We just got her because she was pretty and was slated to eb PTS at the shelter and did the research after the fact. It does seem to me that generally, the white GSDs are more prone to anxiety than the GSD population as a whole. (Although I think GSDs are more prone than other more independent breeds). I imagine this has more to do with the lines that the WGSDs are usually bred from than the actual color. Finding a reputable WGSD breeder will go a long way in getting a dog with a correct temperament. Make sure you can meet the parents and that they are nice stable dogs. You could have met our Ellie on the street and thought she was the best dog ever, she was so well mannered and calm. Left at home alone though she had pretty severe anxiety. 

Like all GSDs, they shed like it's their job and the white hair is a nightmare if you favor black.


----------



## Furricane (Feb 18, 2010)

Hi there and welcome!

So you want to know about what it's like to live with a WGSD eh? I've had the pleasure of owning two of these wonderful dogs so far and I've loved every minute of it. But like many people have said there is a lot of things to consider.

In regards to cats it really depends on the personality of the dog you get. Although both my shepherds were excellent with our cats zooming around, that is never a guarantee. My first WGSD I got as a pup, and it only took her about three incidents where the cat showed her he still ran the house. After that they were fine. My second and current boy was raised around cats and properly ignored them. He won't move even if the cat comes and walks right by his face, and often would let the cat share his dog bed as well.

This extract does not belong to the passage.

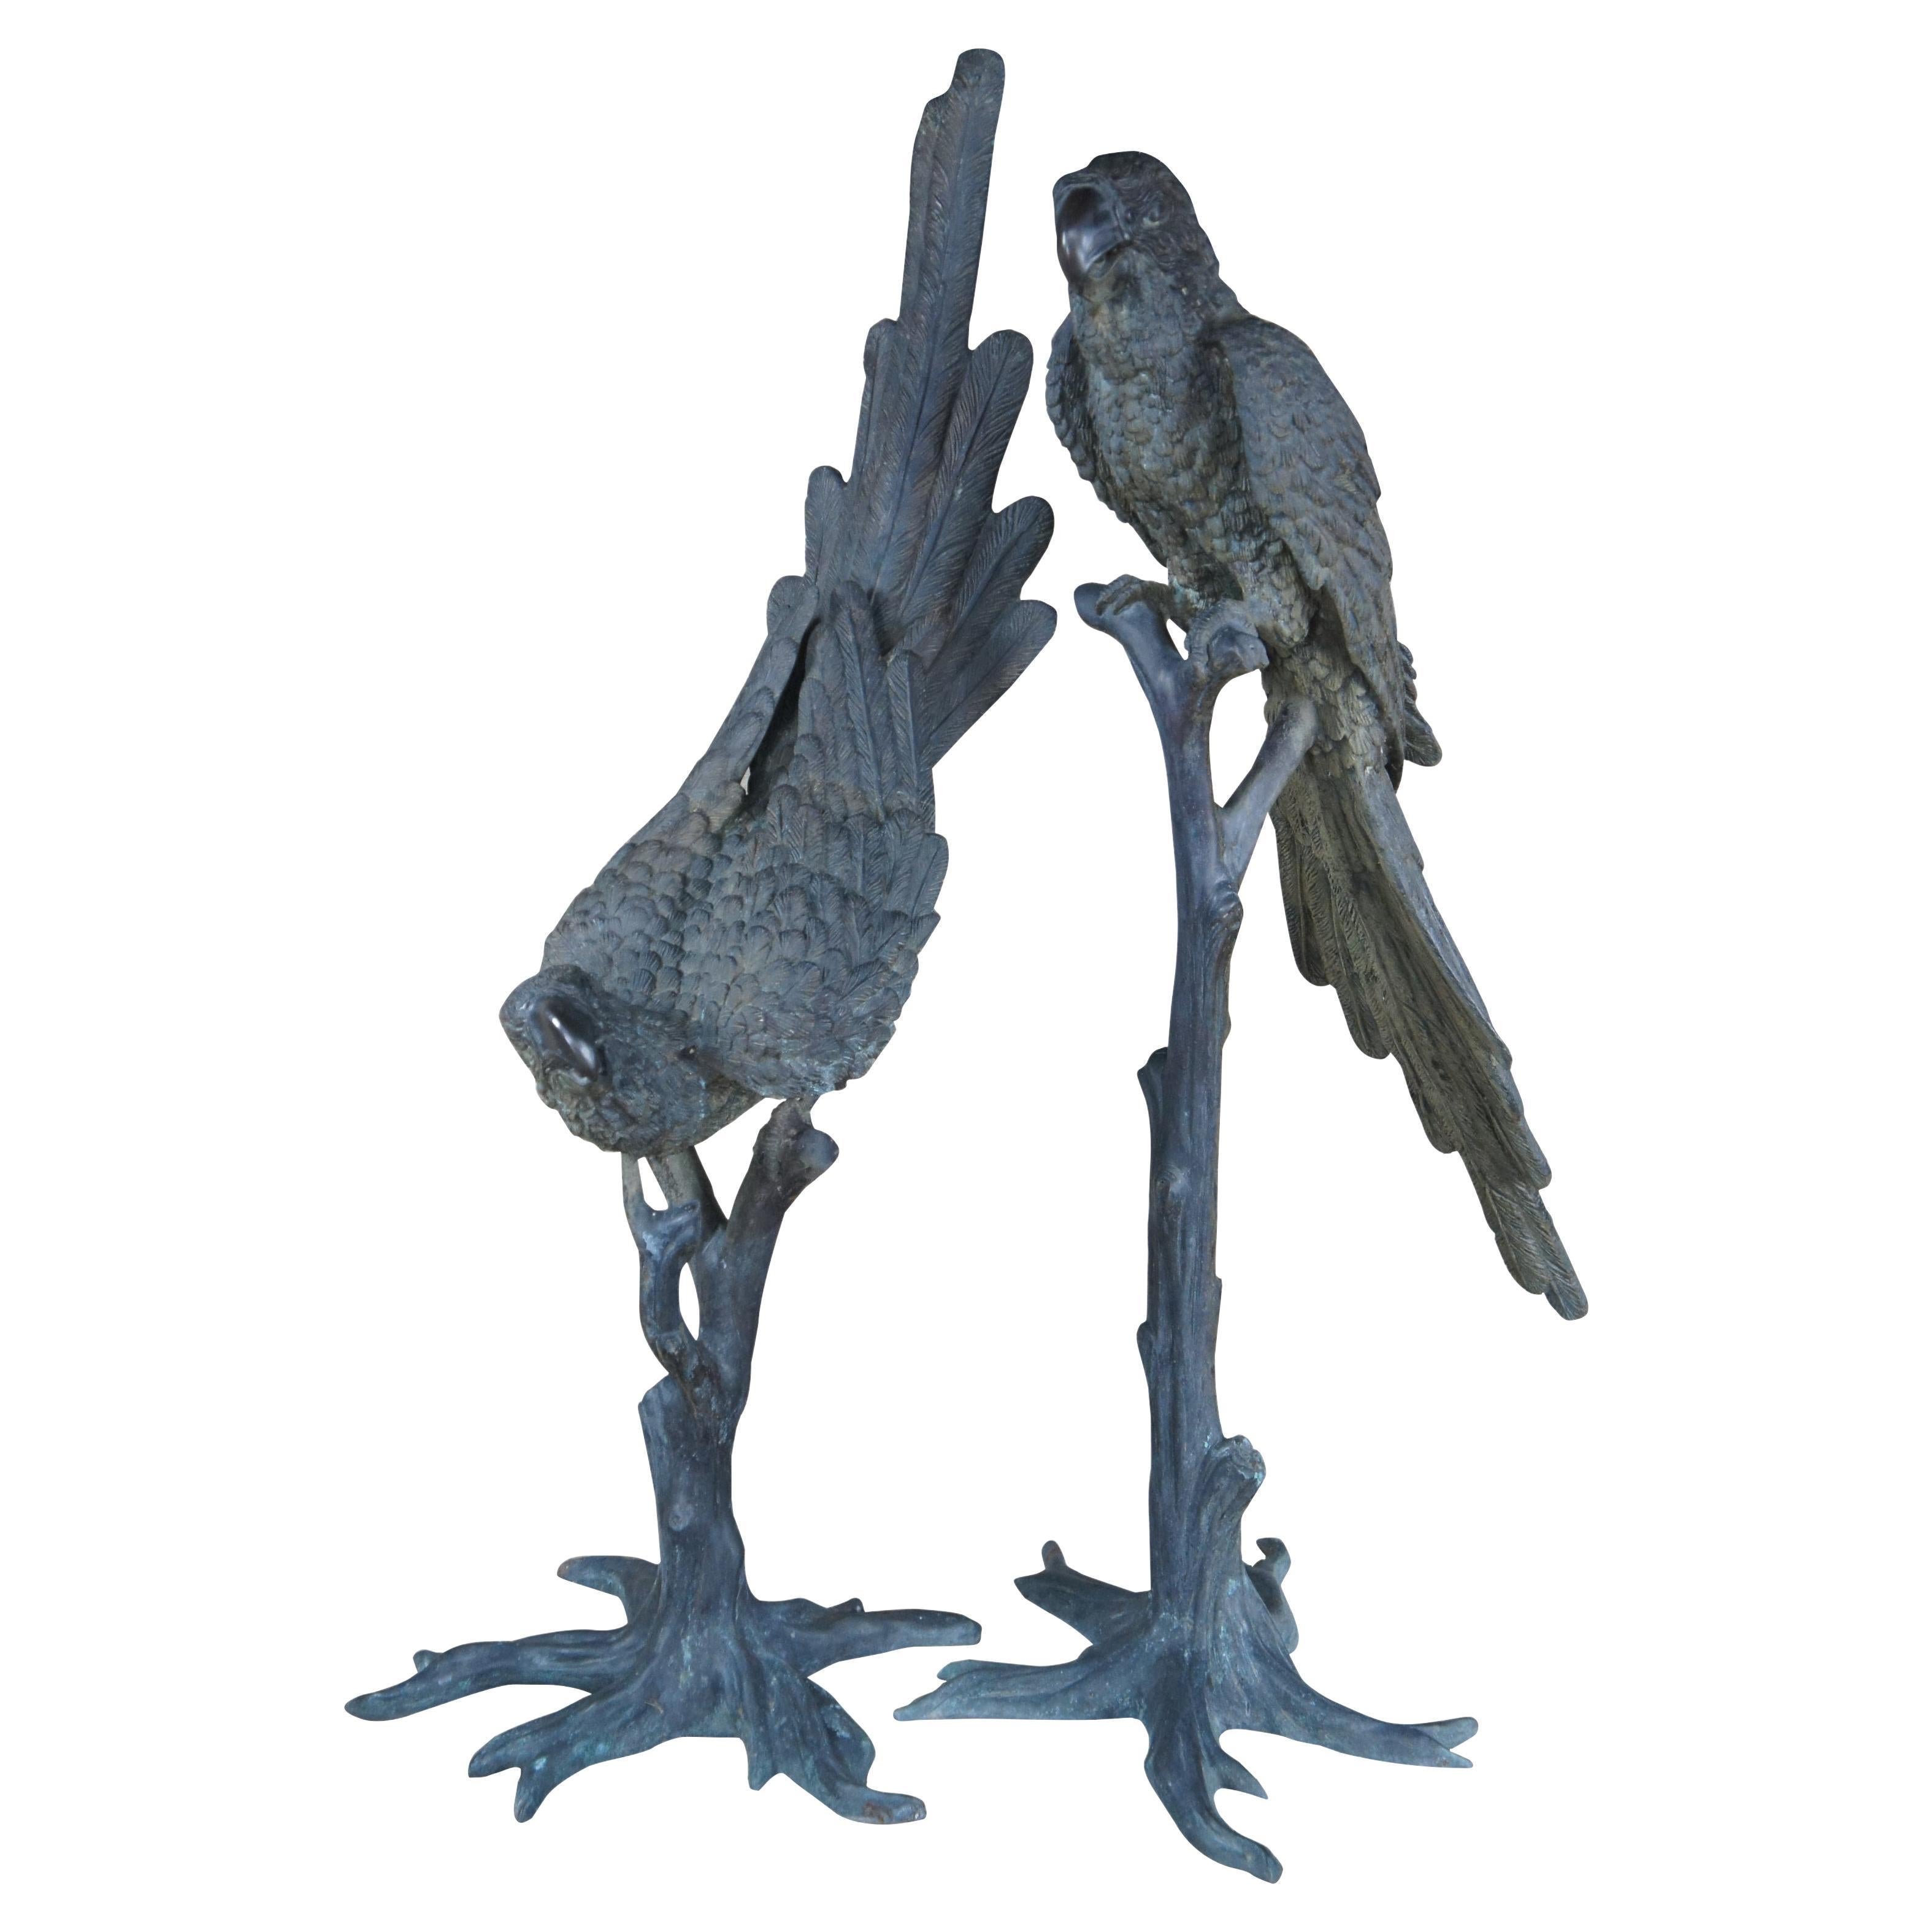 Antique French Art Deco Pair Lifesize Bronze Parrot Bird Sculptures Statues 55" For Sale

Now about the next section in your post be aware that some white shepherds can be quite the barkers. Both my previous girl and my current male will bark up a storm when they thought someone is coming near. Again this can all be dealt with by training, but it is something to keep in mind if you are moving into an apartment. Find out what the landlord's noise tolerance is, just in case! Make sure you are committed to providing the mental and physical stimulation these dogs need, a bored GSD is a problem waiting to happen. Although some people will say these dogs are lower on the energy scale, both my dogs required extensive walks, training, and mind stimulating games for them to remain content. This need is not something they grow out of as they get older also. My WGSD Apollo is 9 years old and still requires training walks and I go jogging with him as well once a night. Though he has slowed down, he is in no way a couch potato.

Like I'm sure many people have already informed you, the personality can vary according to the dog individually. However I will stress one thing, if you decide to go with an adult WGSD or a puppy SOCIALIZE THEM! Get them out to experience different situations, it's been my unfortunate experience that these dogs if not socialized properly can become very timid when out in public, to the point where they almost panic. My Apollo is very timid whenever we are out in public due to a lack of socialization from his previous owners. They simply didn't understand how important that was for their future dog. It has caused some frustration on my part because I cannot do everything I would love to with my dog because of this. He is an excellent dog, but I wish he could be more confident than he is in public.

Overall I commend you for taking the time to ask people who own these dogs instead of learning about them after you have the pup. Also I hope you learn to enjoy vacuuming because I spend at least 3 times a week on those hardwood floors of ours. My guy sheds all year round, and blows his coat twice a year as well. I've just learned to avoid black!  Hope this helped an I didn't repeat everything other people have said!


----------



## gabby67 (Mar 11, 2010)

You will loose him in the snow.


----------